При всем радикально-негативном отношении к морали Ницше не ставит под сомнение ее основополагающую и незаменимую роль в деле возвышения форм общественной жизни и самого человека. Он настаивает только на том, что такое возвышение достигается именно через аристократически-сверхчеловеческую позицию. Он и называет ее внеморальной, имморальной по той единственной причине, что она более моральная, чем мораль в традиционно-христианско-социалистическо-гуманистическом смысле слова. "Знатный человек помогает несчастному, но не или почти не из сострадания, а больше из побуждения, вызываемого избытком мощи"[97]. Собственно только он и умеет чтить человека, чтить так, чтобы не унижать его демонстрацией жалости и сочувствия. Он прямо и естественно обнаруживает все лучшие моральные качества, включая самоотверженность, которые в стадной и аскетической моральных позициях существовали лишь в превращенной форме. Более того, только "здесь и возможна, допустив, что это вообще возможно на земле, - настоящая "любовь к врагам своим". Как много уважения к своим врагам несет в себе благородный человек! - а такое уважение и оказывается уже мостом к любви... он и не выносит иного врага, кроме, такого, в котором нечего презирать и есть очень много что уважать!"[98]. Знатная, благородная, аристократическая натура не в силу каких-то метафизических требований или иных принуждений, а единственно в силу своего эгоизма обнаруживает "тонкость и самоограничение в обращение с себе подобными... она чтит себя в них и в правах, признаваемых ею за ними"[99]. Свои преимущества она считает своими обязанностями. Пафос дистанции, который специфичен для аристократического способа жизни, аристократическая натура трансформирует в стремление к увеличению дистанции в самой душе, в результате чего происходит "возвышение типа "человек", продолжающееся "самоопределение человека" - если употреблять моральную формулу в сверхморальном смысле"[100].
Внеморальная мораль Ницше вполне является моралью с точки зрения ее роли, места, функций в жизни человека.

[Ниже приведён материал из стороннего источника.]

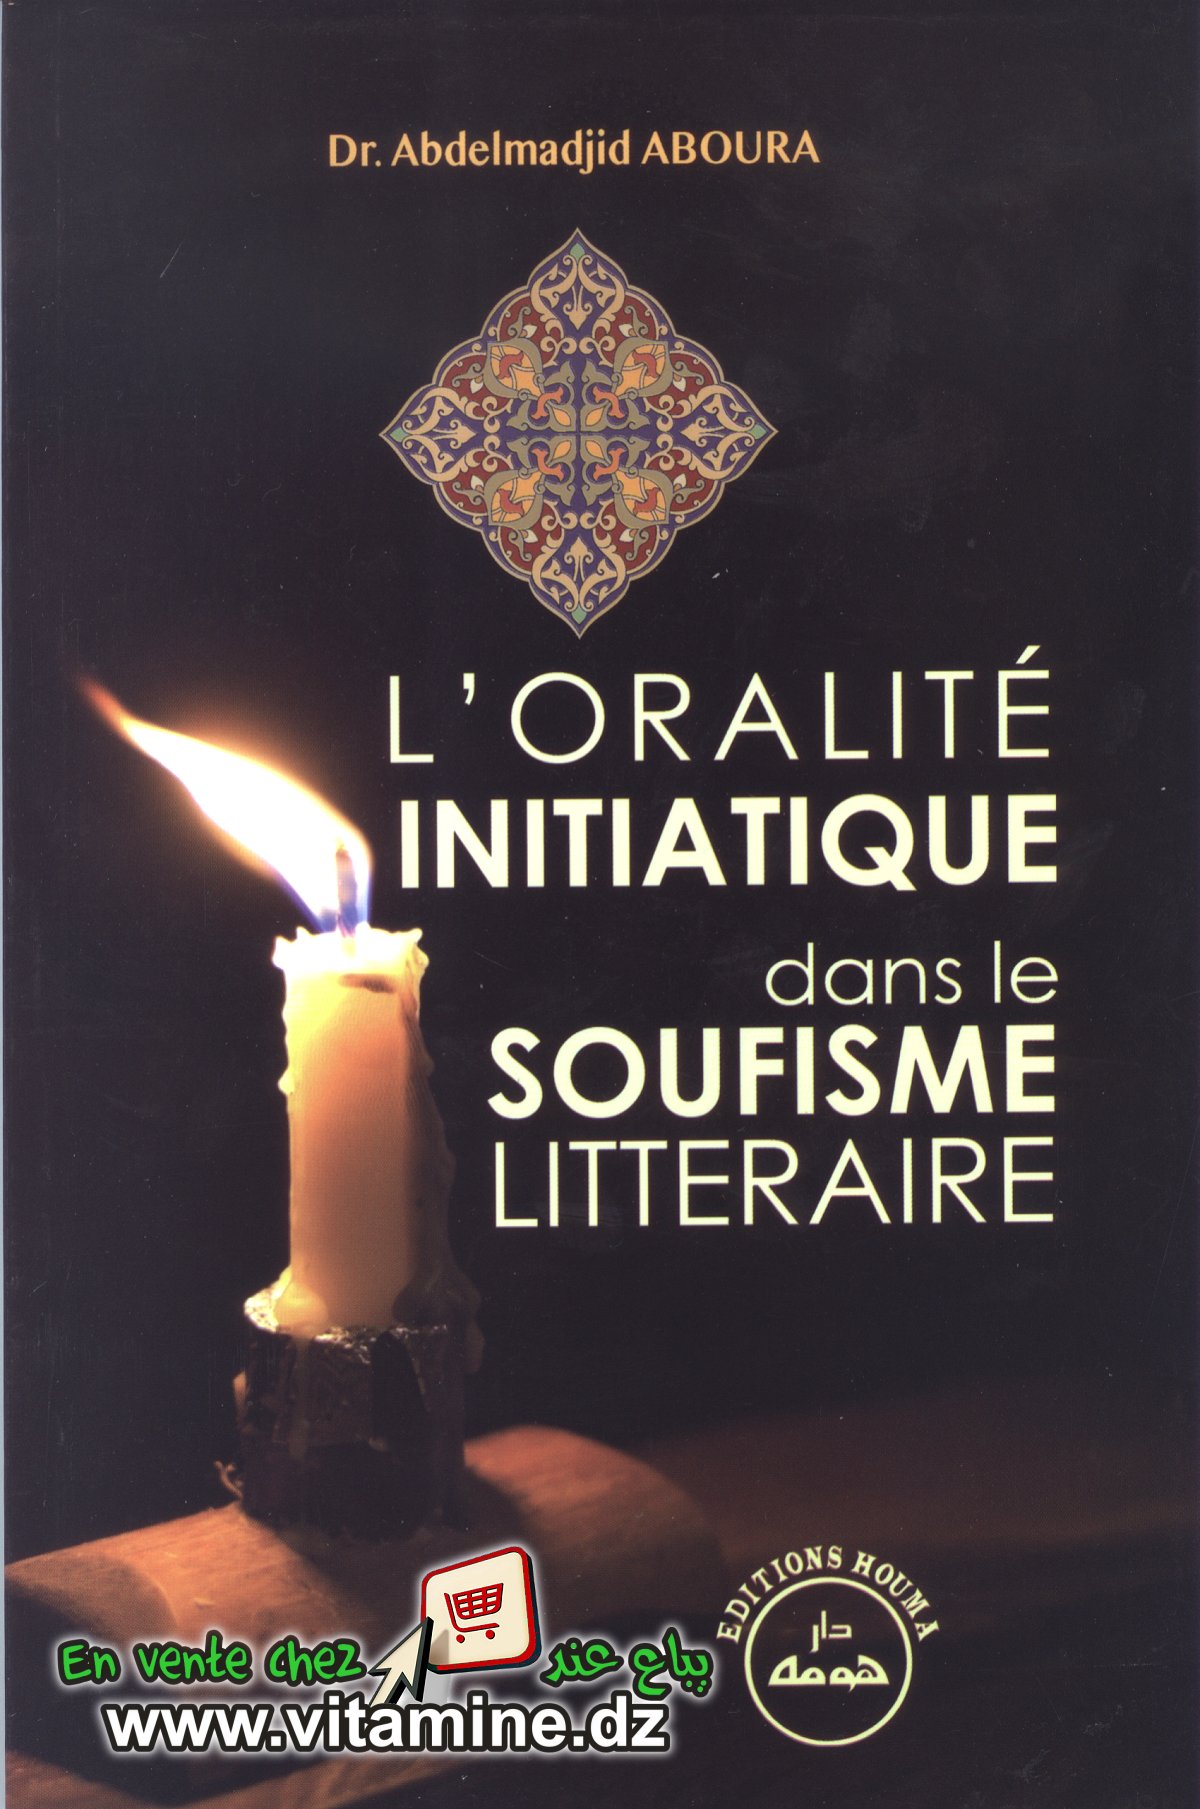 Dr. Abdelmadjid Aboura - L'Oralité initiatique dans le soufisme littéraire

Ее даже в большей мере можно считать моралью, чем рабскую мораль сострадания и любви к ближнему. Она отличается от последней помимо уже упоминавшихся содержательных различий, по крайней мере, еще двумя важными функциональными особенностями: а) она органична человеку; б) преодолевает беспросветность противоборства добра и зла. Рассмотрим кратко эти особенности.
(125) Ольдэ Х. Ницше в 1899 году.
Отвергая надуманную метафизику свободной воли Ницше подчеркивает, что на самом деле речь идет о сильной и слабой воле и определяет мораль как "учение об отношениях власти, при которых возникает феномен "жизнь"[101]. При таком понимании мораль выступает не как надстройка, вторичное или третичное духовное образование в человеке, а как его органичное свойство - мера воли к власти. "Пусть Ваше Само отразится в поступке, как мать отражается в ребенке, - таково должно быть ваше слово о добродетели"[102]. Добродетельность знатного человека (господина, философа, аристократа) является прямым выражением и продолжением его силы. Он добродетелен не из-за абстрактных норм и самопринуждения (хотя известный аскетизм, готовность к отречению ему свойственны), а самым естественным образом, в силу своей натуры, положения, условий жизни. Добродетель - его защита, его потребность, способ его жизни. Рабская натура тоже выражает свою волю (утверждать себя, быть эгоистом - вполне нормальный, единственно возможный, а потому и единственно достойный способ поведения), но так как эта воля слабая, то она не может найти удовлетворение в поступке и трансформируется в воображаемую месть, принимает превращенную форму морализации. Сильным натурам нет нужды прятаться, уходить в область внутренних переживаний и моральных фантазий, она может условия своего существования прямо осознать как долженствование. Ницшеанский сверхчеловек есть человек цельный, с волей собранной и сильной он открыто утверждает себя, в полной уверенности, что он тем самым утверждает жизнь в ее высшем проявлении.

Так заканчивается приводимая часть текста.